Alongside governance concerns, security specialists are reassessing how AI changes the nature of cyber risk. Corey Thuen, Chief Executive Officer and Co-Founder at Gravwell, said AI changes the interface between humans and machines rather than the underlying computing model.

"I'm going into AI Appreciation Day with a healthy dose of skepticism, which I think we all need as we learn to coexist with and utilize it responsibly. One of the biggest misconceptions about AI is that it's changing how computers work...but it actually isn't. Computers still work the way they always have. What's changed is the interface. For the first time, users are interacting with systems that don't always produce the same output from the same input. We're no longer just exploiting software. We're social engineering computers; instead of convincing a person to ignore the rules, you're convincing an AI model to ignore its guardrails. That's a new attack surface for machines and one that's evolving extremely fast. AI deserves credit for helping security researchers uncover vulnerabilities at scale, but it also creates a dangerous misconception. Too many people assume that because AI's writing sounds pretty good, it understands all situational context and knows what it's doing. It doesn't, plain and simple. It's predicting language, not reasoning about security, policy or intent. That's exactly why prompt injection works here: attackers manipulate AI models using language, because those models can't distinguish between a legitimate instruction and a cleverly crafted one with malicious intent. Security teams that understand those limitations and balance AI's weaknesses with human intelligence will build stronger defenses than those who assume it's smarter than it really is," said Corey Thuen, Chief Executive Officer and Co-Founder, Gravwell.

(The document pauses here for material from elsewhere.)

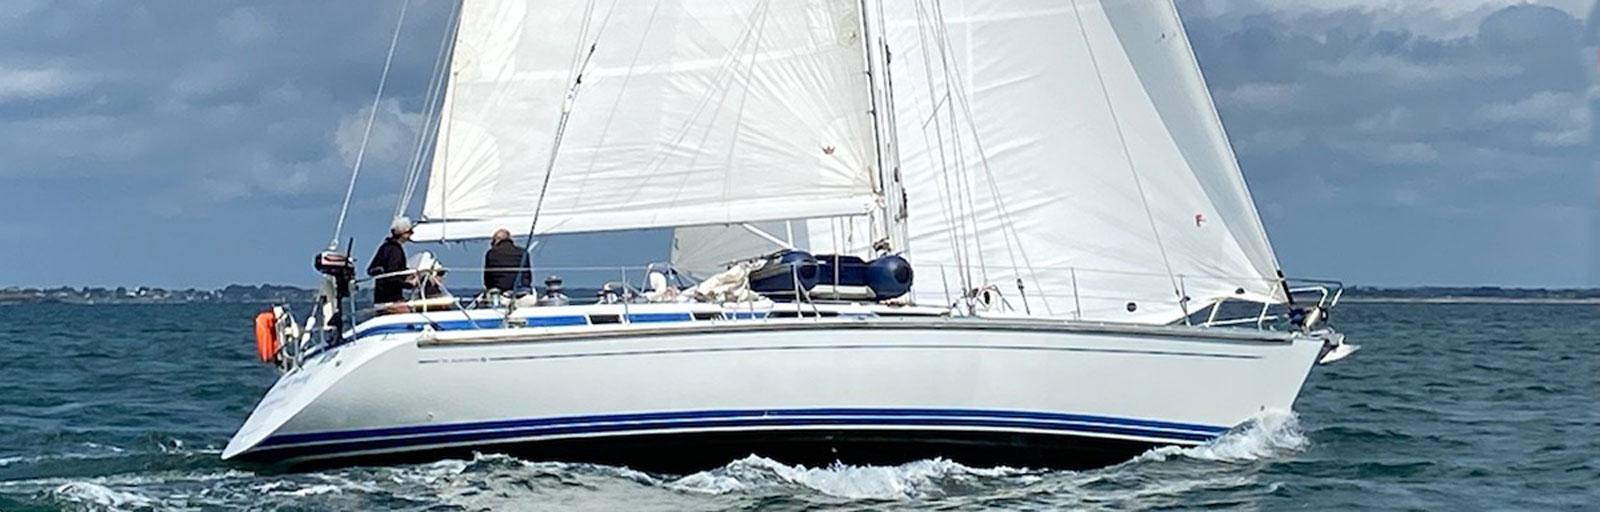 Grand Soleil 45 - AYC Yachtbroker

Thuen's warning underlines a shift in attacker tactics from exploiting code vulnerabilities to exploiting model behaviour. Security teams now test prompts and outputs alongside traditional penetration testing and log analysis. Many also build human review into workflows that rely on AI for security decision support or automated responses.

Together, the comments from Entrust, CYGNVS and Gravwell point to a convergence of trust, governance and security questions as AI systems act with more autonomy. Executives argue that organisations that combine human oversight, clear incident playbooks and realistic expectations of AI's limits will be better placed to manage the technology's next phase.